In the Headline tests, only three application timings (1 DBI and 0 and 3 DAI) were used. No isolates produced uredinia at the full concentration 1.0× (3.52 mL L⁻¹), in any of the timing treatments, except for the few uredinia that were observed in the inoculation of isolate 2013-242-1 (Fig. 9a–c). At the half concentration (0.5×), isolate 1972-7-5 produced some uredinia in the treatments of 1 DBI and 0 DAI, but in the treatment of 3 DAI, all isolates produced uredinia with isolate 1972-7-5 producing the least uredinia. At 0.003×, all isolates produced uredinia, but the number varied. No isolate consistently produced more uredinia than others. Similar results were obtained for disease severity (Fig. 10a–c).
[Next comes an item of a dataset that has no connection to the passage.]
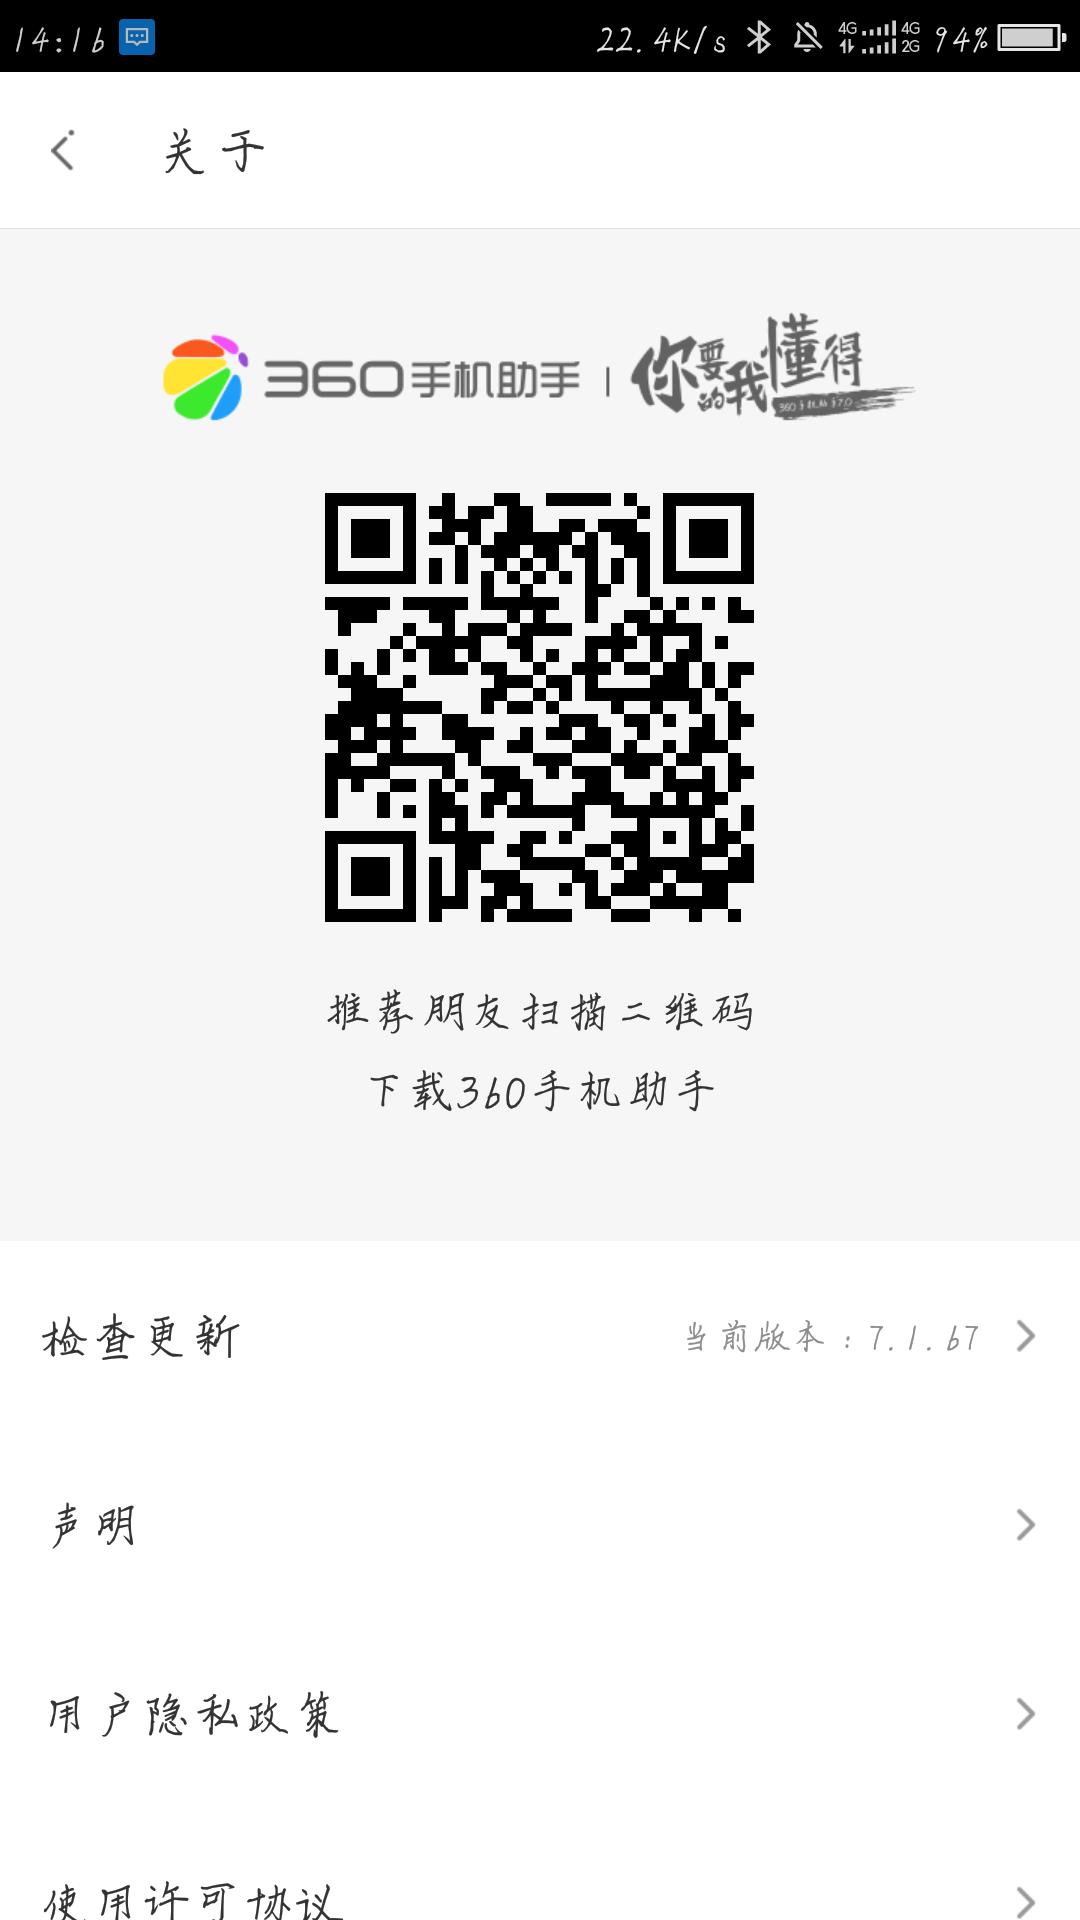 Screenshot_2019-01-30-14-16-36.png

Fig. 9 (Colour online) Numbers of uredinia on adult plants of Avocet S wheat treated with Headline at different concentrations relative to the full concentration of Headline (3.52 mL L⁻¹) 1 day before (1 DBI) (a), on the same day (0 DAI) (b), and 3 days (3 DAI) (c) after inoculation with Puccinia striiformis f. sp. tritici.

Fig. 10 (Colour online) Disease severity on adult plants of Avocet S wheat treated with Headline at different concentrations relative to the labelled full concentration of Headline (3.52 mL L⁻¹) 1 day before (1 DBI) (a), on the same day (0 DAI) (b) and 3 days (3 DAI) (c) after inoculation with Puccinia striiformis f. sp. tritici.

Discussion

In the present study, we identified differences in sensitivity to Tilt and Headline fungicides among historical and contemporary Pst isolates through urediniospore germination. Different fungicide concentrations also had significant effects in inhibiting urediniospore germination. In the plant tests, we also observed the significant differences among isolates, fungicide concentrations, plus application timings on infection inhibition. Moreover, these factors significantly interacted with each other. This is the first report of differences in sensitivity existing in the Pst population in the USA.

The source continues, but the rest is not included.